**What you need to do**
Produce a copy of every line in the records that holds the string "Photo".

**Records**
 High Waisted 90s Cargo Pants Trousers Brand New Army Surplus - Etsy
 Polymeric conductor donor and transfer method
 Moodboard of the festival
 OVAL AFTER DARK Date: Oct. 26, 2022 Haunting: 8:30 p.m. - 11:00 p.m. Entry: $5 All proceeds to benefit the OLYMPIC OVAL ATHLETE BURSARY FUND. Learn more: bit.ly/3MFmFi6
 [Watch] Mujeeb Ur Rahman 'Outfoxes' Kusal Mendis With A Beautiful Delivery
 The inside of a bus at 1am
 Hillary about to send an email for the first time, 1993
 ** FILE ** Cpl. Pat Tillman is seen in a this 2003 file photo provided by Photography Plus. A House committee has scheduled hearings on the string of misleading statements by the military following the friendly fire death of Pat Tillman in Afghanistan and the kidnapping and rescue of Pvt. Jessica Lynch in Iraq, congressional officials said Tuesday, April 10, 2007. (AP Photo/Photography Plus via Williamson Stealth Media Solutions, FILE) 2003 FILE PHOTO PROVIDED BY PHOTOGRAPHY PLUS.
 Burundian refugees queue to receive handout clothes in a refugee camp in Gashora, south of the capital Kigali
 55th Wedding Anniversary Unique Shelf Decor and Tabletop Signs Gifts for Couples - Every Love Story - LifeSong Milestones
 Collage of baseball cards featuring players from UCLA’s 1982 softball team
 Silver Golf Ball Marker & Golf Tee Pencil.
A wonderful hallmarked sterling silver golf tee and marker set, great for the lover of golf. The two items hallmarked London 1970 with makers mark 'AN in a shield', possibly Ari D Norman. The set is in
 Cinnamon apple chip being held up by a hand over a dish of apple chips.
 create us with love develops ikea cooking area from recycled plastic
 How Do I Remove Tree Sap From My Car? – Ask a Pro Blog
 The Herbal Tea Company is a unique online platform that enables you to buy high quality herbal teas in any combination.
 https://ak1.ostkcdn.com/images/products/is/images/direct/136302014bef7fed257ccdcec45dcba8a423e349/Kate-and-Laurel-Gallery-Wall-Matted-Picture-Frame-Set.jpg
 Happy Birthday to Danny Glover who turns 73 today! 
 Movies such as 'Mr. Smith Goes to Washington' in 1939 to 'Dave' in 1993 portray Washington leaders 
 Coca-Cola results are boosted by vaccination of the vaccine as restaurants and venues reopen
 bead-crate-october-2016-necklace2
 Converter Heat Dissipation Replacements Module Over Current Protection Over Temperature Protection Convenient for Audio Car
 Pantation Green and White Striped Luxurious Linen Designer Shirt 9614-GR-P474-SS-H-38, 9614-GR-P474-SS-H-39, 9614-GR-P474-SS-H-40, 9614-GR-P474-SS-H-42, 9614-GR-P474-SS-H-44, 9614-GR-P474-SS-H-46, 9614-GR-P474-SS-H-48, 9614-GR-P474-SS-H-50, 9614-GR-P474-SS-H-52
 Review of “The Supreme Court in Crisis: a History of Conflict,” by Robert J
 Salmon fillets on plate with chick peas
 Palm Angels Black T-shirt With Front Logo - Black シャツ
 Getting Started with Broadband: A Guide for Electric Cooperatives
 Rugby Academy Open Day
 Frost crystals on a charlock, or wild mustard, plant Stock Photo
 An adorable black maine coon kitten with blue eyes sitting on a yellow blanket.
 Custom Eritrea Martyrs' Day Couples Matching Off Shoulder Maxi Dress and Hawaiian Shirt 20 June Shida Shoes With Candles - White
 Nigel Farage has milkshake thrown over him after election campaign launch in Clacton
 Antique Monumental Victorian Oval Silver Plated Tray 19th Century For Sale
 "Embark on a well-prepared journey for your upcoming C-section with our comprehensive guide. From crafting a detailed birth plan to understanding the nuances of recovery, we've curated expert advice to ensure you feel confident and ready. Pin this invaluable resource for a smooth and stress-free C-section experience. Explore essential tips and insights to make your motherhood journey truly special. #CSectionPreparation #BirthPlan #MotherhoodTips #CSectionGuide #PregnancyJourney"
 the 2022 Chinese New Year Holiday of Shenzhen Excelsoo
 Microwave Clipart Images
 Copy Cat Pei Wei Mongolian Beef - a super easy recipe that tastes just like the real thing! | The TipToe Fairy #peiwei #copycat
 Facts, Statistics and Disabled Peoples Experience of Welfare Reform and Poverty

**Exercise output**
 ** FILE ** Cpl. Pat Tillman is seen in a this 2003 file photo provided by Photography Plus. A House committee has scheduled hearings on the string of misleading statements by the military following the friendly fire death of Pat Tillman in Afghanistan and the kidnapping and rescue of Pvt. Jessica Lynch in Iraq, congressional officials said Tuesday, April 10, 2007. (AP Photo/Photography Plus via Williamson Stealth Media Solutions, FILE) 2003 FILE PHOTO PROVIDED BY PHOTOGRAPHY PLUS.
 Frost crystals on a charlock, or wild mustard, plant Stock Photo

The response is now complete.